FIG. 5 illustrates a cross-sectional view of a semiconductor package structure 1 d according to some embodiments of the present disclosure. The semiconductor package structure 1 d is similar in certain respects to the semiconductor package structure 1 as shown in FIG. 1, except that an intermediate insulation structure 6 a is sandwiched between the insulation structure 6 and the dielectric structure 2. The intermediate insulation structure 6 a is disposed on at least a portion of the first surface 21 of the dielectric structure 2 and at least a portion of the redistribution layer structure 3. The intermediate insulation structure 6 a may be, for example, a passivation layer or a solder mask layer. In some embodiments, the intermediate insulation structure 6 a may include, or be formed from, a cured photoimageable dielectric (PID) material such as epoxy or polyimide (PI) having photoinitiators.

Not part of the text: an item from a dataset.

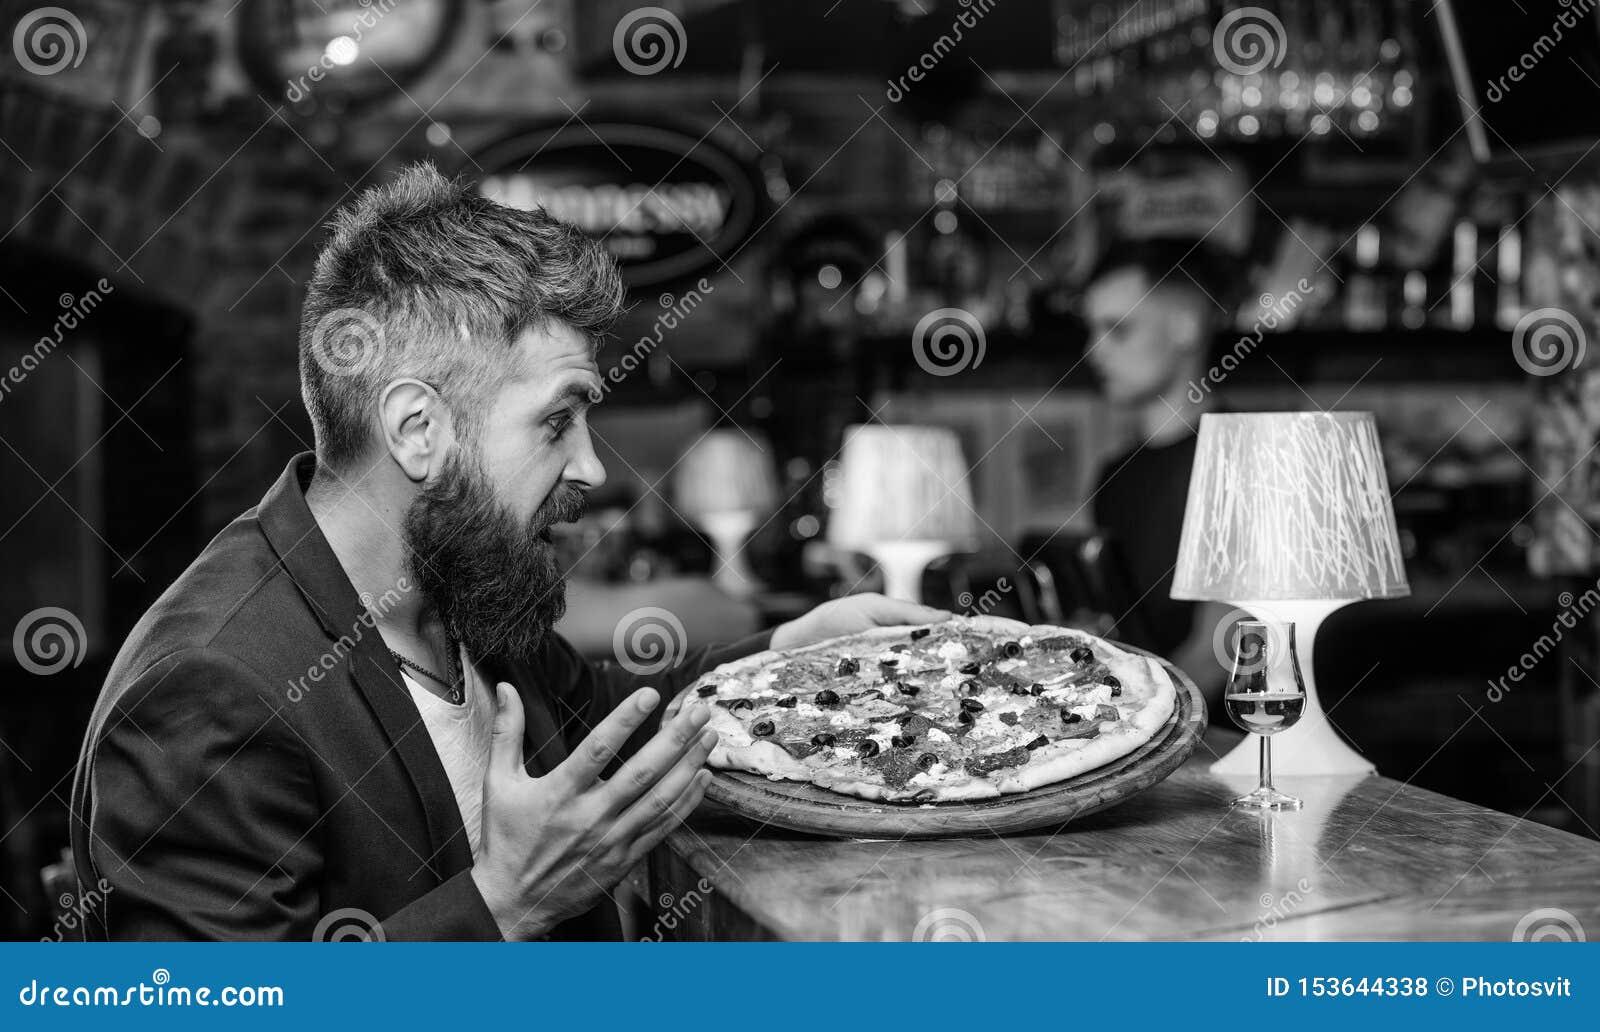 Nabranie posi?ku poj?cie Modni? g?odny je w?osk? pizz? Pizzy ulubiony restauracyjny jedzenie ?wie?a gor?ca pizza dla go?cia resta

The material of the intermediate insulation structure 6 a may be the same or different from the material of the insulation structure 6. The intermediate insulation structure 6 a has a first surface 61 a and a second surface 62 a opposite to the first surface 61 a, and defines a plurality of openings 63 a that expose portions of the first conductive traces 34 of the redistribution layer structure 3. Further, the first surface 61 a of the insulation structure 6 a may define a cavity 64 a corresponding to the recess portions 36 of the redistribution layer structure 3. Each of the bump pads 74 a (including the third metal layer 71 a and the fourth metal layer 72 a) is disposed in a respective opening 63 a defined by the insulation structure 6 a and on a respective first conductive trace 34 and may protrude from the insulation structure 6 a. The openings 63 defined by the insulation structure 6 are aligned with the openings 63 a defined by the insulation structure 6 a, such that the bump pads 74 disposed in the openings 63 defined by the insulation structure 6 can contact the bump pads 74 a in the openings 63 a defined by the insulation structure 6 a. In some embodiments, there may be a plurality of second conductive traces (not shown) disposed on the first surface 61 a of the intermediate insulation structure 6 a.

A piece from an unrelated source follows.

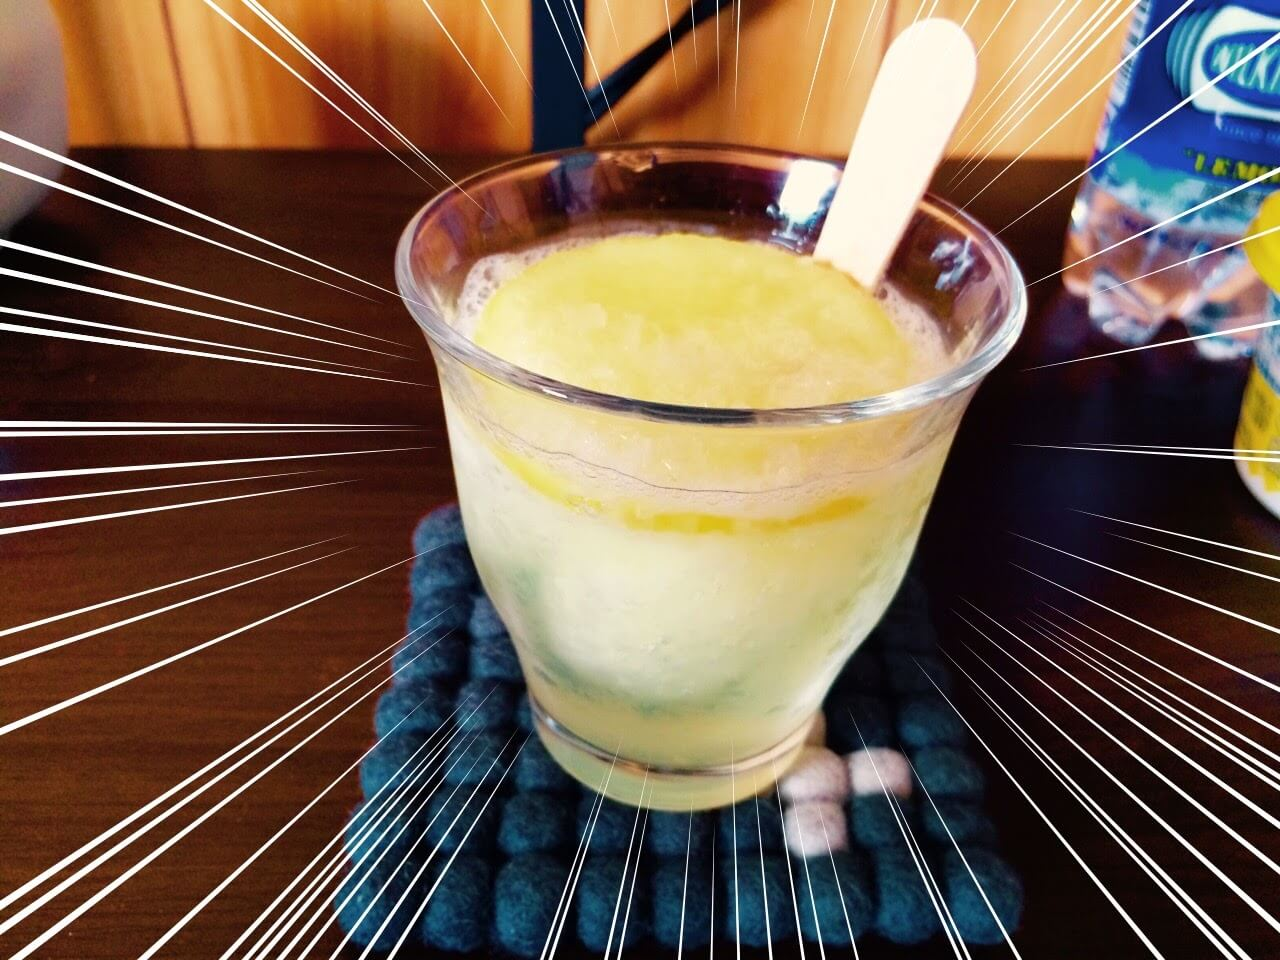 【Twitterで話題】炭酸水×サクレで作る、爽やかレモンドリンク!作ってみたらサイコーでした!

FIG. 6 illustrates a cross-sectional view of a semiconductor package structure 1 e according to some embodiments of the present disclosure. The semiconductor package structure 1 e is similar in certain respects to the semiconductor package structure 1 as shown in FIG. 1, except that conductive circuit layer 7 (including the second conductive traces 76 and the bump pads 74) depicted in FIG. 1 is omitted. Therefore, the solder connectors 44 of the semiconductor die 4 directly contact the first conductive traces 34 of the redistribution layer structure 3 disposed in the openings 63 defined by the insulation structure 6.
FIG. 7 illustrates a cross-sectional view of a semiconductor package structure if according to some embodiments of the present disclosure. The semiconductor package structure if is similar in certain respects to the semiconductor package structure 1 as shown in FIG. 1, except that the solder connectors 44 depicted in FIG. 1 are omitted. Therefore, the metal pillars 42 of the semiconductor die 4 contact the bump pads 74 of the conductive circuit layer 7 directly. In some embodiments, the metal pillars 42 are connected to the fifth metal layer 73 by metal-to-metal bonding.

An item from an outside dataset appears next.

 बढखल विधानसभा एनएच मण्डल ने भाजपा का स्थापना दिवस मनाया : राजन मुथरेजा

FIGS. 8-21 illustrate a method for manufacturing a semiconductor package structure according to some embodiments of the present disclosure. Referring to FIG. 8, a carrier 80 is provided. In one or more embodiments, the material of the carrier 80 may be organic (e.g., may include polypropylene (PP) resin or bismaleimide triazine (BT) resin) or inorganic (e.g., may include glass, silicon, ceramic or metal). The carrier 80 may be rectangular, square, circular, elliptical or other shape from a top view. A metal layer 84, such as a copper foil, is attached to the carrier 80 via an adhesion layer 82.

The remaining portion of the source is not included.